Back to software, I think there are a lot of people introducing concepts they don't understand or can't maintain (either from poor quality slop or it is just too advanced for their current level of understanding). You can do a few turns like this, until you're stuck burning tokens in a loop without moving forward in a meaningful way.
I try to avoid taking the easy route myself unless I've burnt too much time stuck on some small detail. Ultimately I feel it is super important to understand what you are delivering. Whether it is writing it yourself, copying a stack overflow post, or using an LLM. Once you commit and push to prod you've got to deal with that crap.
Agree completely but I wanted to add: you can also get into an incomprehensible mess without vibing. Just follow the serverless flask tutorial, start writing raw SQL, and away you go!
I asked Claude today about why a coworker was getting errors and it almost exploded.
Hot take: they had no ability to code in the first place.
(X) Doubt
As a Sr. Engineer, I completely get that my situation may be wildly different from what's cited in the article.
Right now, I'm using AI "in the loop" rather than "as the loop". That's a big difference. And I'm getting my ass kicked routinely on review for dumb-ass things that I'm letting slide from AI generated output. And rightly so. Plus, models routinely lead me down sub-optimal blind alleys while dreaming up really stupid ways to fix problems. The level of (re)prompting I have to provide to suggest to get decent quality results converges on a post-grad that has encyclopedic knowledge of software engineering as it exists online, but with zero real-world experience. It's both impressive and dangerous as a replacement for software engineering.

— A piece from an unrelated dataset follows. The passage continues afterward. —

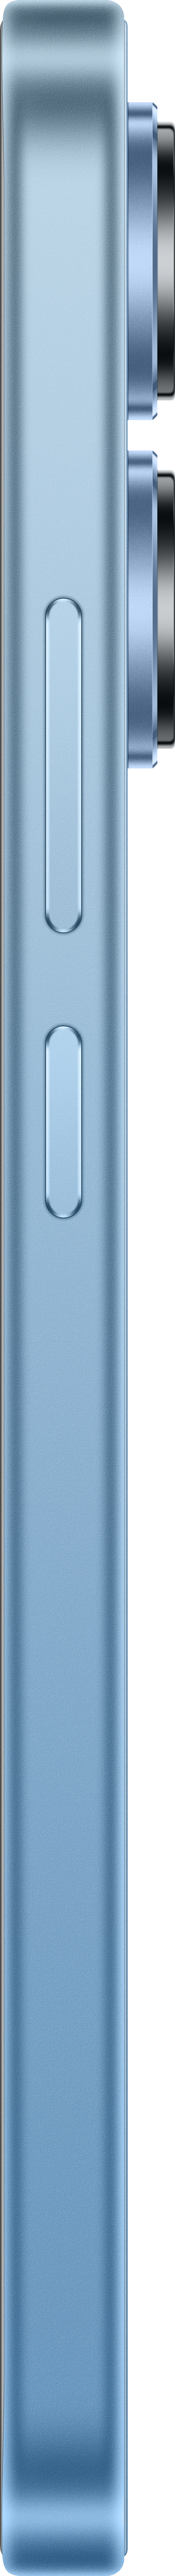 XIAOMI Blue Redmi Note Dual 128 Ice SIM 13 GB
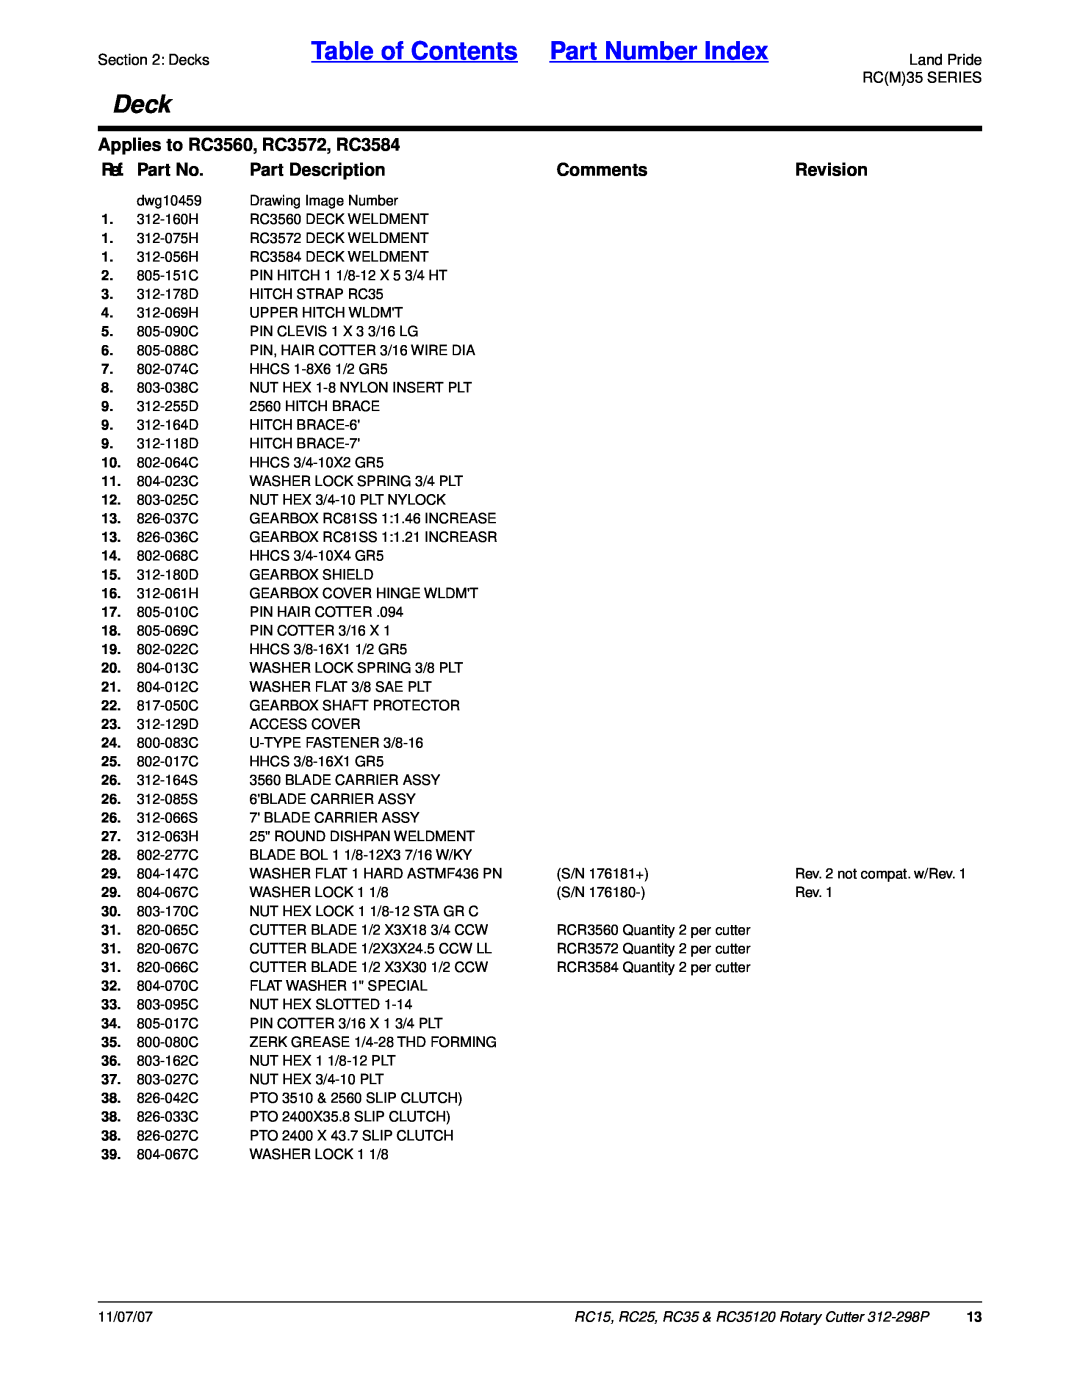 Land Pride Table of Contents Part Number Index, Deck, Applies to RC3560, RC3572, RC3584, Ref. Part No, Part Description

In the mode I describe above, I'm not losing the ability to do anything. I can see how one could surrender some coding chops or familiarity with a whole language or stack, in favor of automation. But all you have to do is not do that.
I will say that as a rapid-prototyping technology, It's nothing short of miraculous. I've watched junior engineers knock together medium-weight applications, complete with browser UI/UX and decent workflow, in less than a week. This is great for showing value or putting something semi-functional in front of management and/or customers. But pivoting those prototypes into something maintainable is an utter nightmare. Depending on how beholden to AI and forever prompt-looping with "skills" and MCPs you want to be, I suppose it's possible to just keep mashing the AI button. But at some point, you're going to need to get inside there to fix security problems or bugs that elude this workflow. What then?
And I’m getting my ass kicked routinely on review for dumb-ass things that I’m letting slide from AI generated output.
Now imagine if you aren't that experienced and the reviewers aren't that thorough, or, and this is the most depressing part, review process doesn't exist. And you get people, even senior engineers, who push that sub-optimal barely working code, but because their project isn't that complicated, it somehow works, so they continue with it, and after some iterations they get code that nobody wrote, nobody knows how to maintain, and nobody reads. But because a lot of modern frameworks are made so monkey can make that barely work by sitting on a keyboard, a lot of the projects didn't collapse on itself yet.
And that's how you get a generation of programmers who lost the ability to program.